ACTION ITEM
Write out the entire listing below exactly as it appears, minus any pictures.

==== DATA

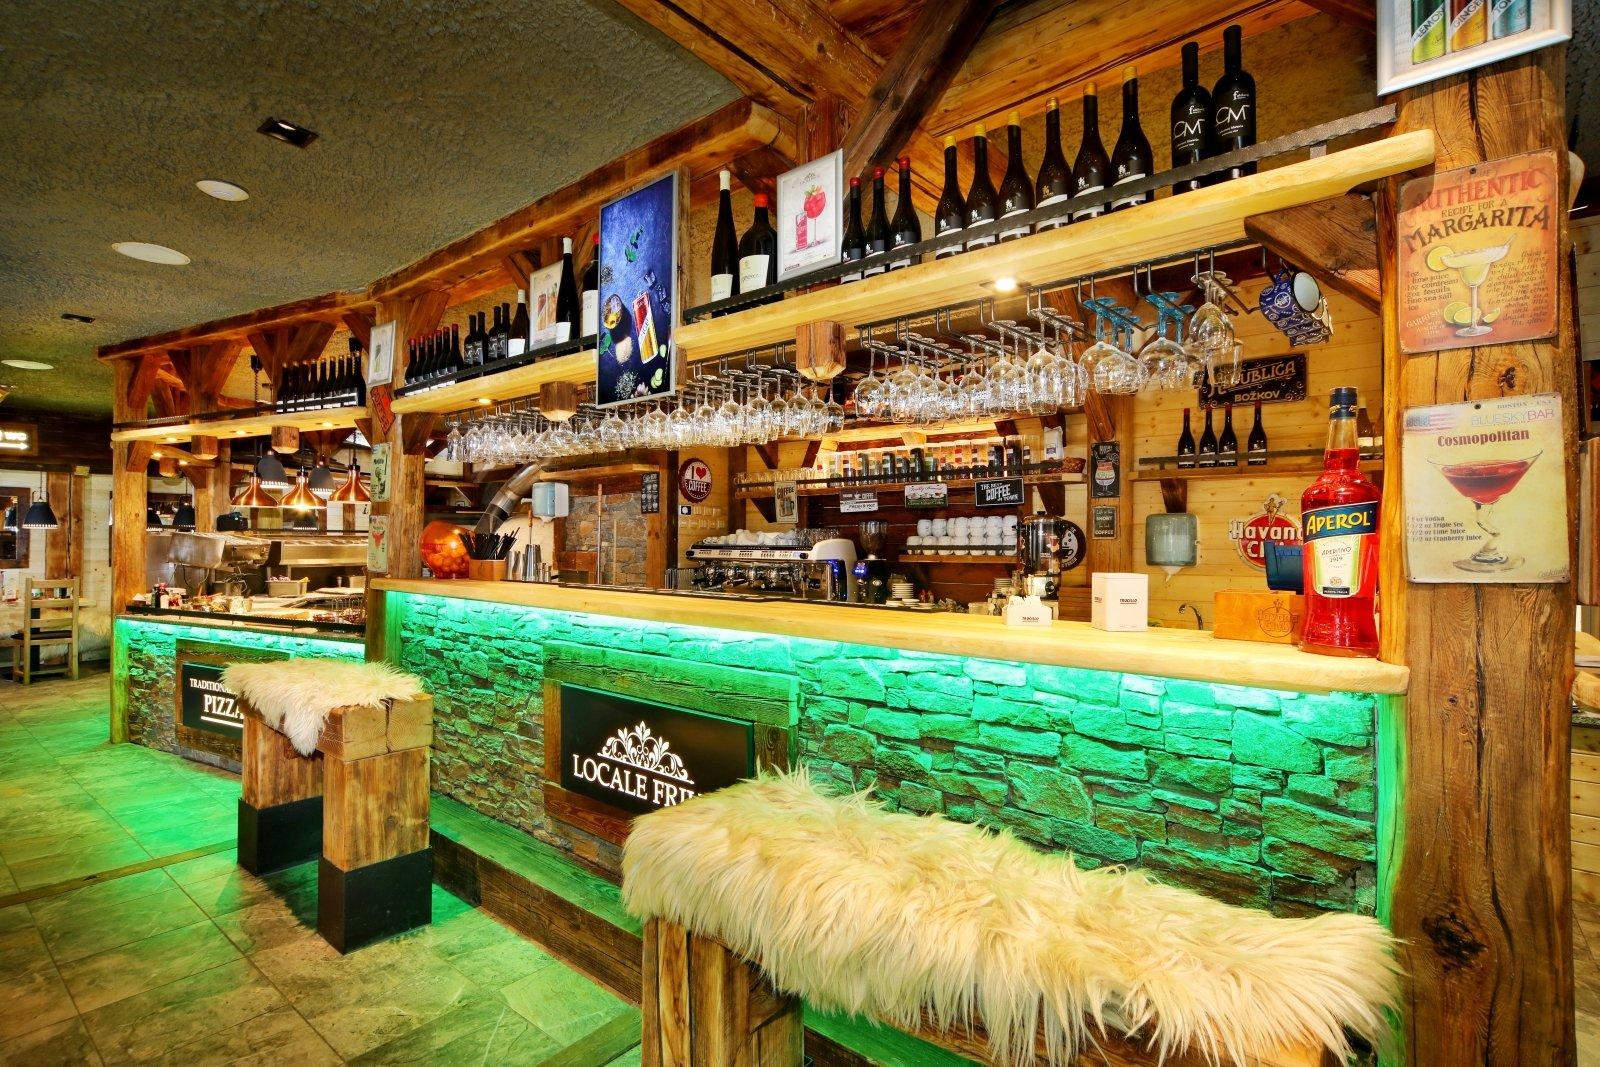 Restaurant Locale Friuli - Špindlerův Mlýn
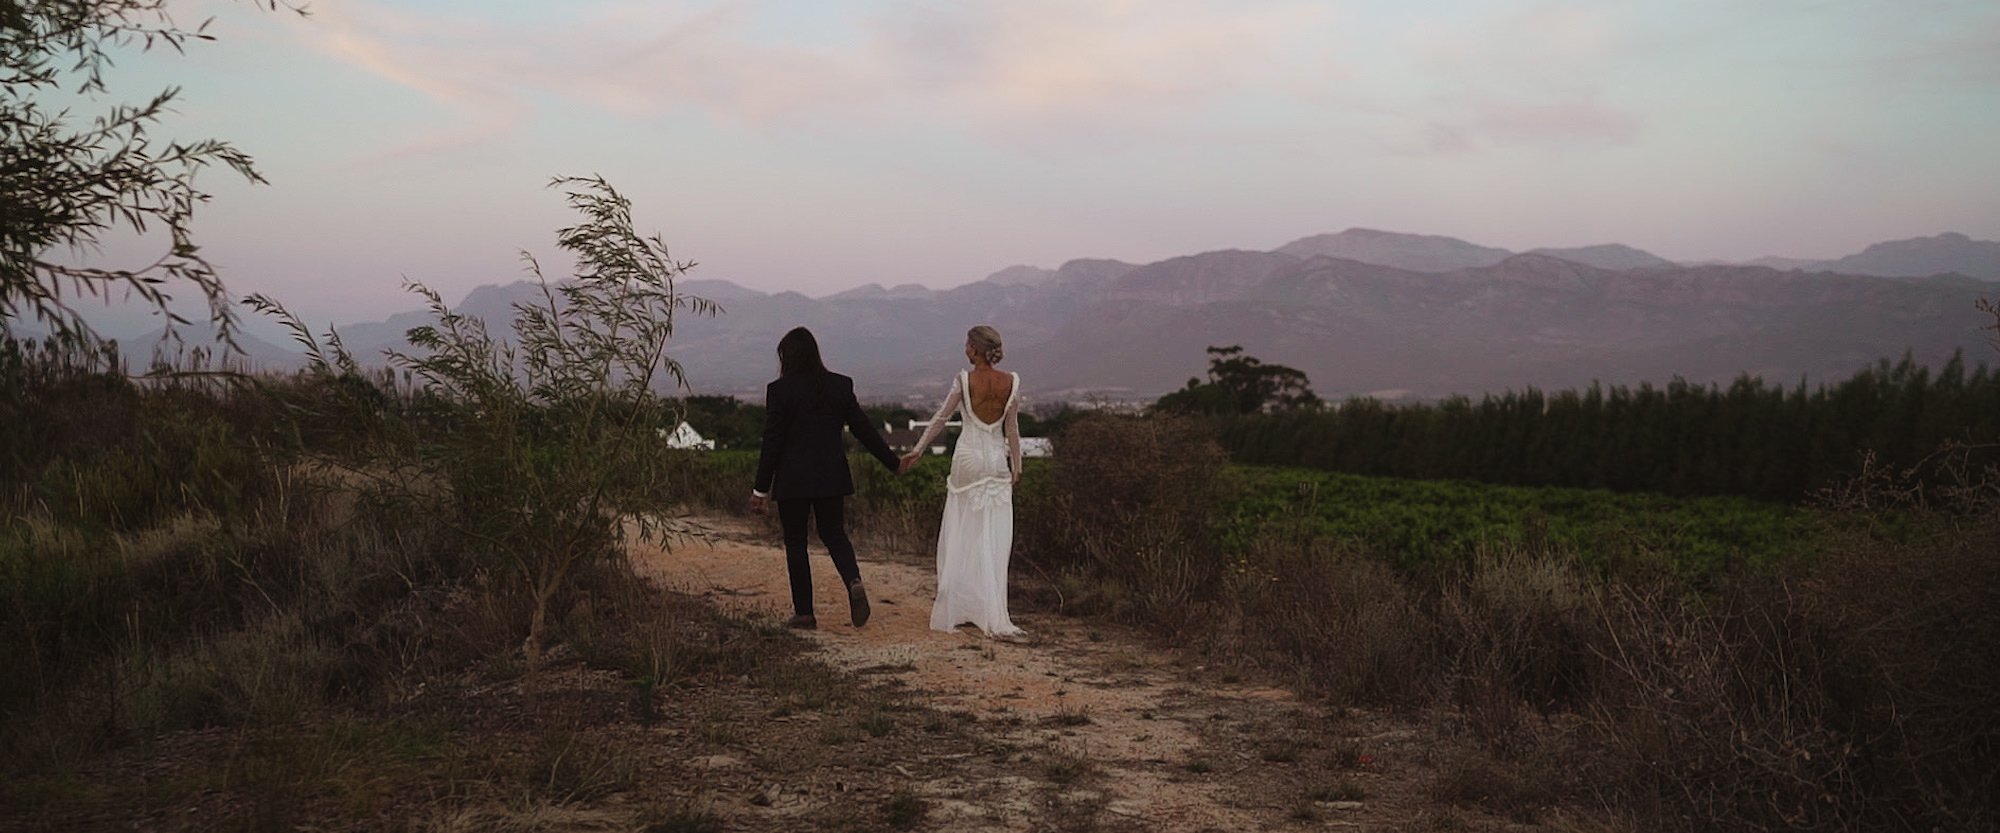 HeathEmelieWeddingFilm_Babylonstoren_Wedding_16.jpg
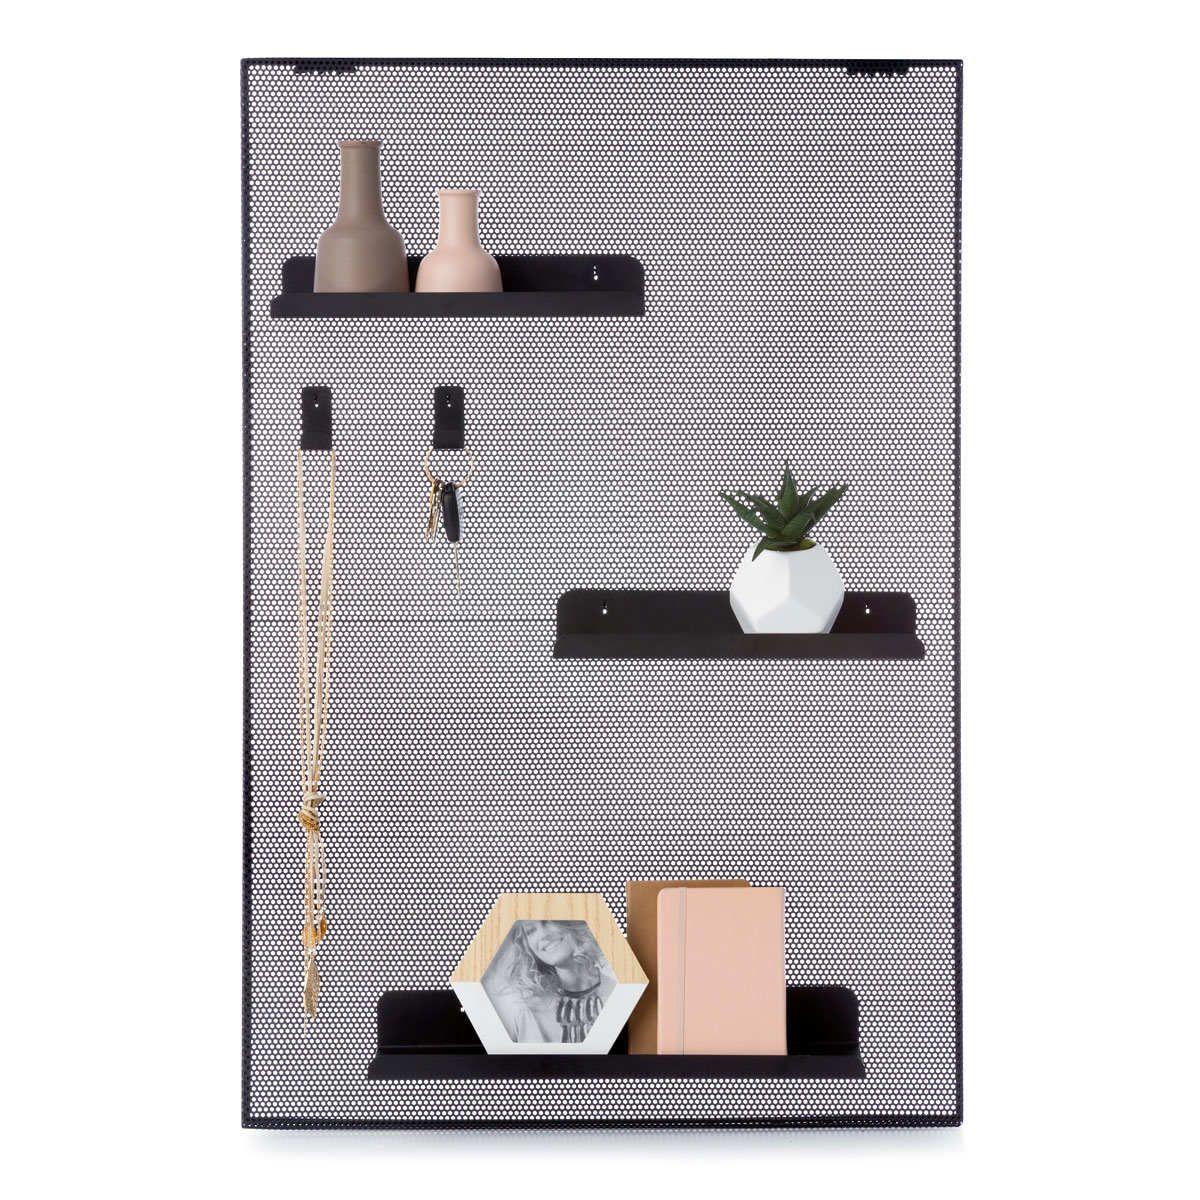 Adjustable Metal Wall Shelf Kmart 29 Require Parental Consent

========

REPLY
 Restaurant Locale Friuli - Špindlerův Mlýn
 HeathEmelieWeddingFilm_Babylonstoren_Wedding_16.jpg
 Adjustable Metal Wall Shelf Kmart 29 Require Parental Consent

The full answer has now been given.